简体繁体 English

从AWS Lambda Node.JS流式传输并压缩到S3

[英]Stream and zip to S3 from AWS Lambda Node.JS

原文 2017-10-18 14:45:58 8 1 node.js/ amazon-web-services/ amazon-s3/ aws-lambda/ aws-sdk-nodejs

My goal is to create a large gzipped text file and put it into S3. 我的目标是创建一个较大的压缩文本文件并将其放入S3。

The file contents consist of blocks which I read in a loop from another source. 文件内容由我从另一个源中循环读取的块组成。

Because of the size of this file I can not hold all data in memory, so I need to somehow stream it directly to S3 and ZIP at the same time. 由于该文件的大小，我无法在内存中保存所有数据，因此我需要以某种方式直接将其同时流式传输到S3和ZIP。

I understand how to perform this trick with the regular fs in Node.JS, but I am confused about whether is it possible to do the same trick with S3 from AWS Lambda? 我了解如何使用Node.JS中的常规fs来执行此技巧，但是我对于使用AWS Lambda的S3是否可以执行相同的技巧感到困惑？ I know that s3.putObject can consume streamObject , but it seems to me that this stream should be already finalized when I perform putObject operation, what can cause exceeding of the allowed memory. 我知道s3.putObject 可以使用 streamObject ，但是在我看来，当我执行putObject操作时该流应该已经完成，这会导致超出允许的内存。

1 个解决方案

You can stream files (>5mb) into S3 buckets in chunks using multipart upload functions in the NodeJs aws-sdk . 您可以使用NodeJs aws-sdk中的分段上传功能，将文件（> 5mb）分批流式传输到S3存储桶中。

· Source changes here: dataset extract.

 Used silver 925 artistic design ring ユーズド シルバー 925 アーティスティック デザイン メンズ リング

This is not only useful for streaming large files into buckets, but also enables you to retry failed chunks (instead of a whole file) and parallelize upload of individual chunks (with multiple, upload lambdas, which could be useful in a serverless ETL setup for example). 这不仅适用于将大文件流式存储到存储桶中，而且还使您可以重试失败的块（而不是整个文件）并并行上传单个块（带有多个上载lambda），这对于以下情况的无服务器ETL设置很有用：例）。 The order in which they arrive is not important as long as you track them and finalize the process once all have been uploaded. 只要您跟踪它们并在全部上载后完成该过程，它们的到达顺序并不重要。

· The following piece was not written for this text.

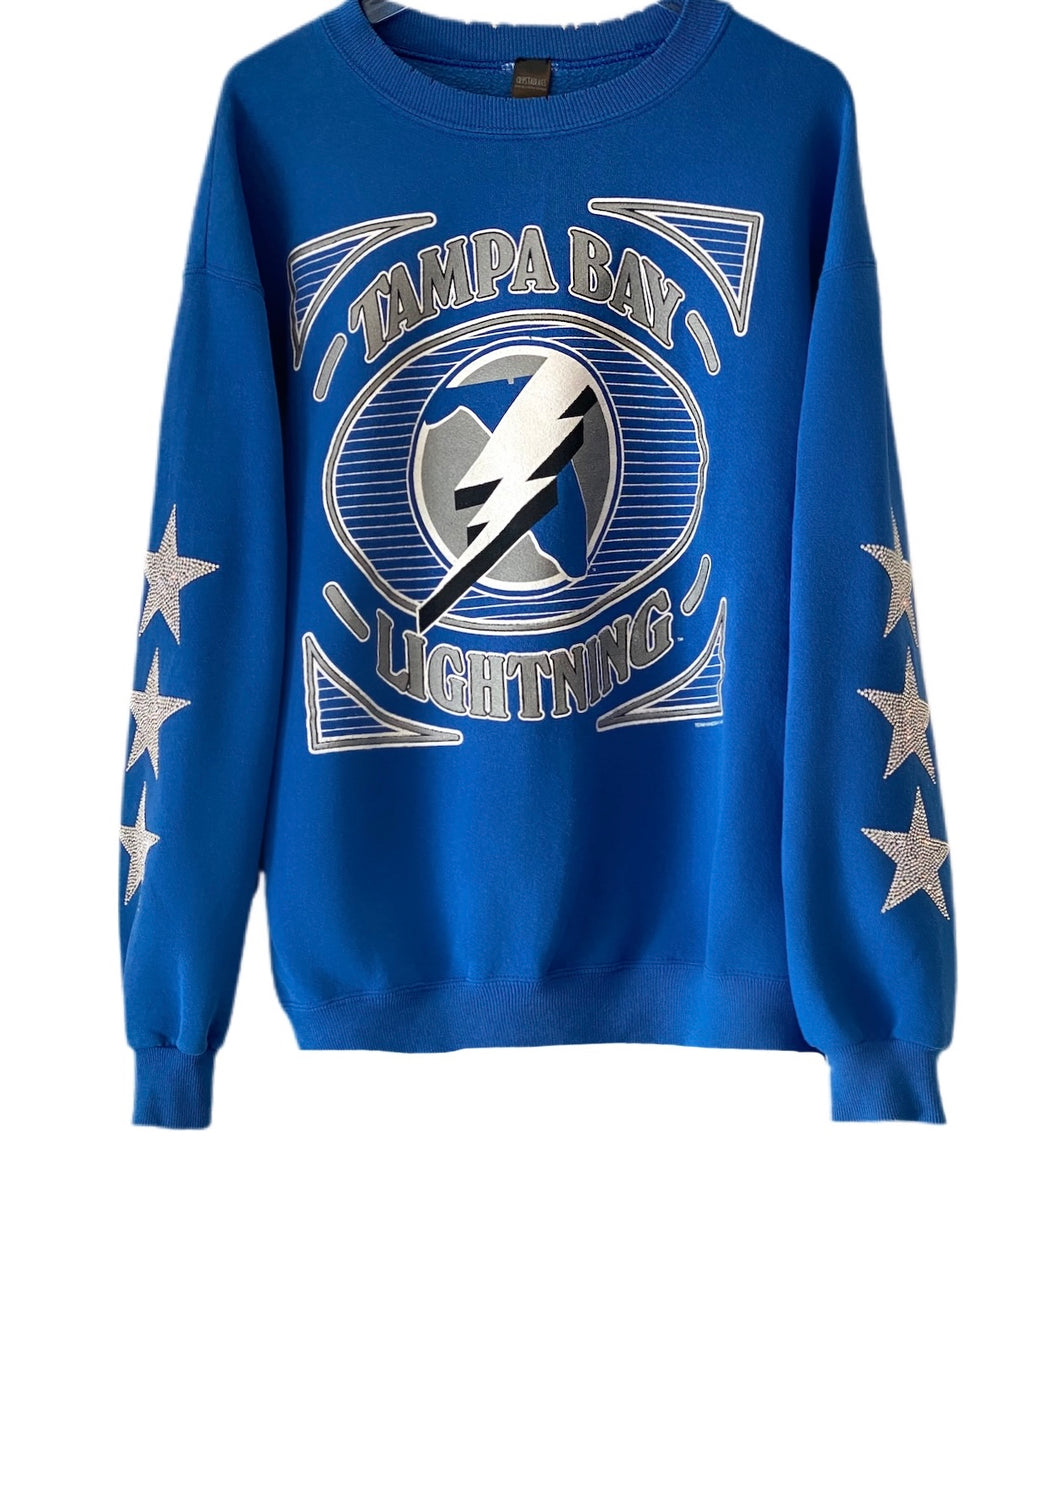 Tampa Bay Lightning, NHL One of a KIND Vintage Sweatshirt with Three Crystal Star Design

To use the multipart upload, you should: 要使用分段上传，您应该：

initialize the process using createMultipartUpload and store the returned UploadId (you'll need it for chunk uploads) 使用createMultipartUpload初始化过程，并存储返回的UploadId （对于块上传，您将需要它）
implement a Transform stream that would process data coming from the input stream 实现一个Transform流，该流将处理来自输入流的数据
implement a PassThrough stream which would buffer the data in large enough chunks before using uploadPart to push them to S3 (under the UploadId returned in step 1) 实现PassThrough流，该流将在使用uploadPart将数据推送到S3之前以足够大的块缓冲数据（在步骤1中返回的UploadId下）
track the returned ETags and PartNumbers from chunk uploads 跟踪块上传中返回的ETags和PartNumbers
use the tracked ETags and PartNumbers to assemble/finalize the file on S3 using completeMultipartUpload 使用completeMultipartUpload使用跟踪的ETags和PartNumbers在S3上组装/完成文件

Here's the gist of it in a working code example which streams a file from iso.org , pipes it through gzip and into an S3 bucket. 这是一个工作代码示例的要点，该示例从iso.org流式传输文件，将其通过gzip 传输到S3存储桶中。 Don't forget to change the bucket name and make sure to run the lambda with 512mb of memory on node 6.10. 不要忘记更改存储桶名称，并确保在节点6.10上运行具有512mb内存的lambda。 You can use the code directly in the web GUI since there are no external dependencies. 由于没有外部依赖性，因此可以直接在Web GUI中使用代码。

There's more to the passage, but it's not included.